[YOUR ASSIGNMENT]
Would you please copy the part of the material below that opens with the line containing "Kit Trilho Eletrificado" and closes with the line containing "疾走感のあるシリアスなハウスループの再生済みの波形"? Copy it exactly, and only it.

[DATA SHOWN]
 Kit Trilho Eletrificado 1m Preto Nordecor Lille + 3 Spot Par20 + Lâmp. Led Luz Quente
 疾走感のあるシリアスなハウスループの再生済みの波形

--

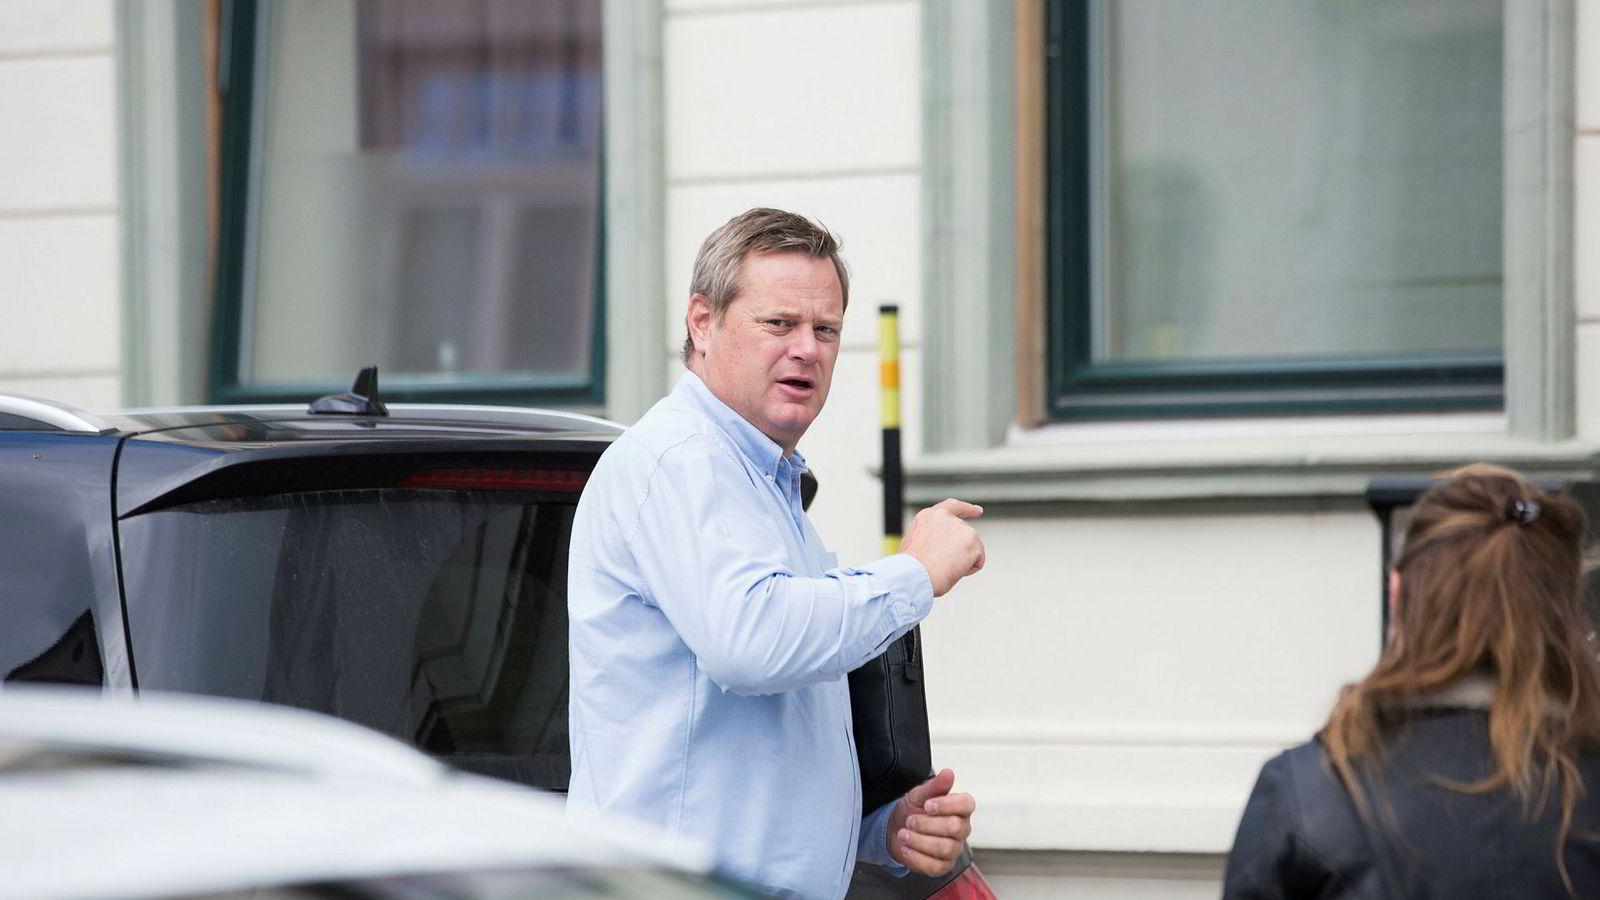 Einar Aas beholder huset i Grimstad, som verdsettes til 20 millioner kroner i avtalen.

* * *

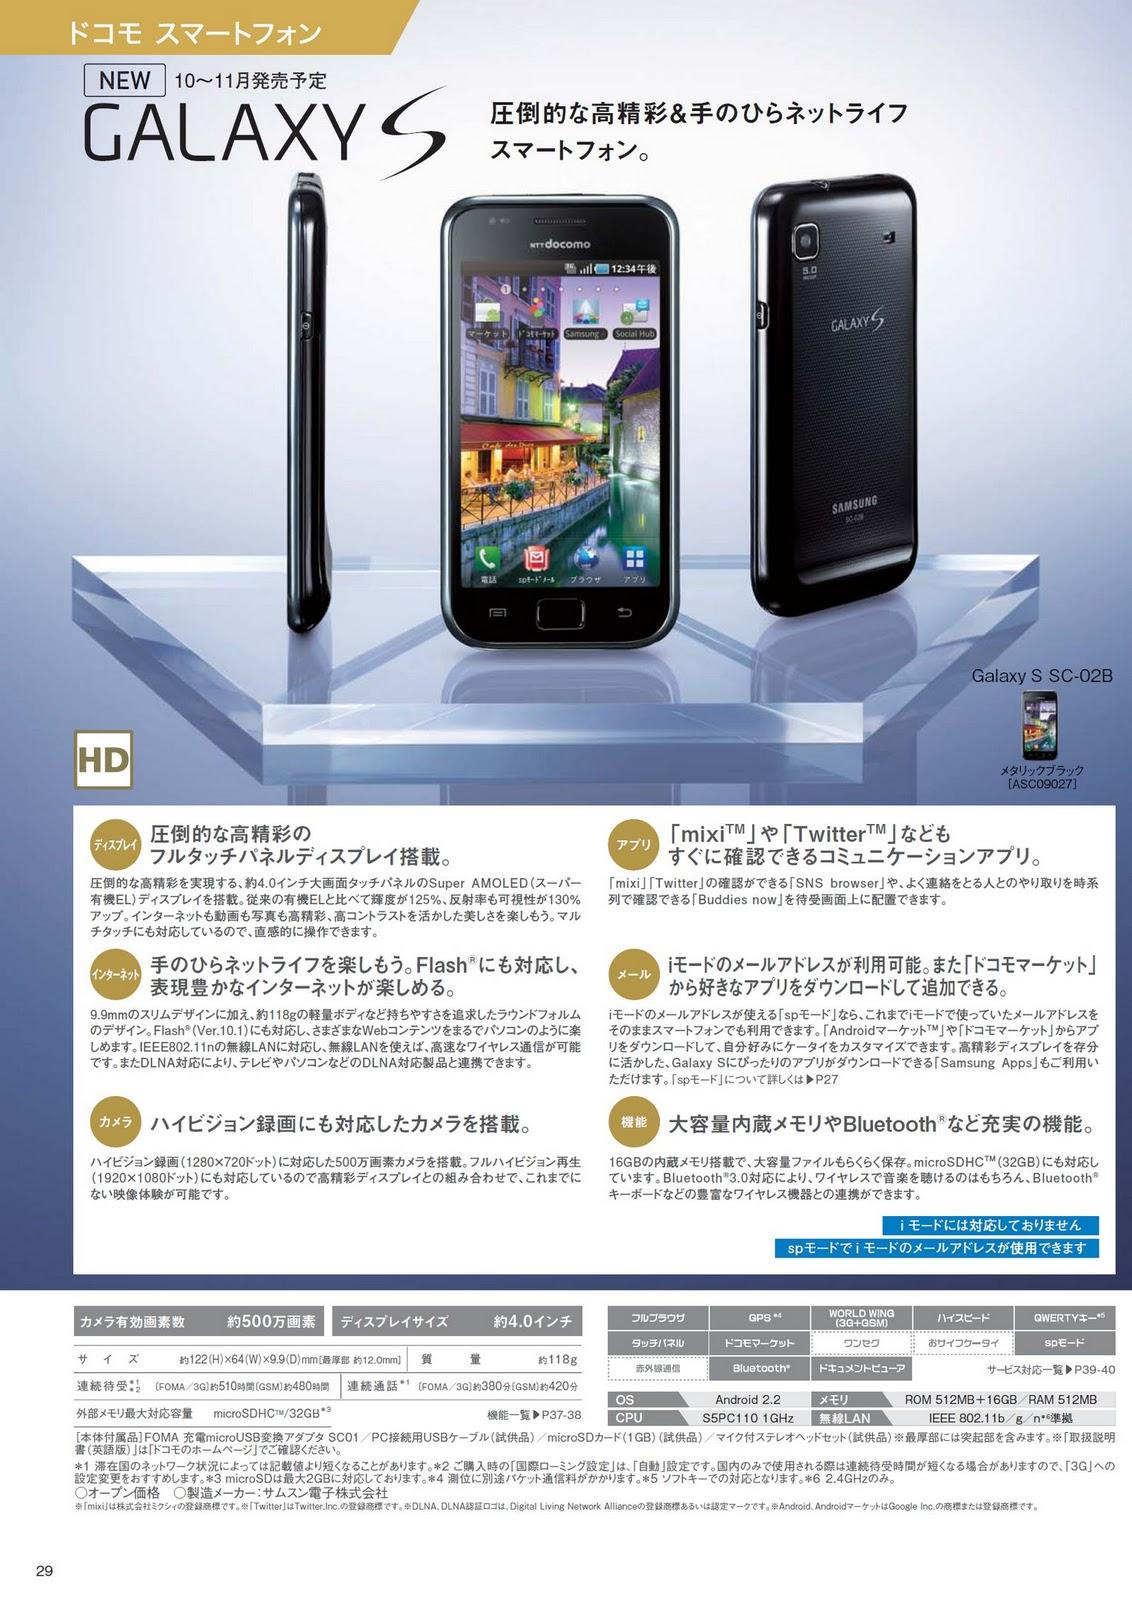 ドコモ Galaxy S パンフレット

[SOLUTION TO THIS TASK]
 Kit Trilho Eletrificado 1m Preto Nordecor Lille + 3 Spot Par20 + Lâmp. Led Luz Quente
 疾走感のあるシリアスなハウスループの再生済みの波形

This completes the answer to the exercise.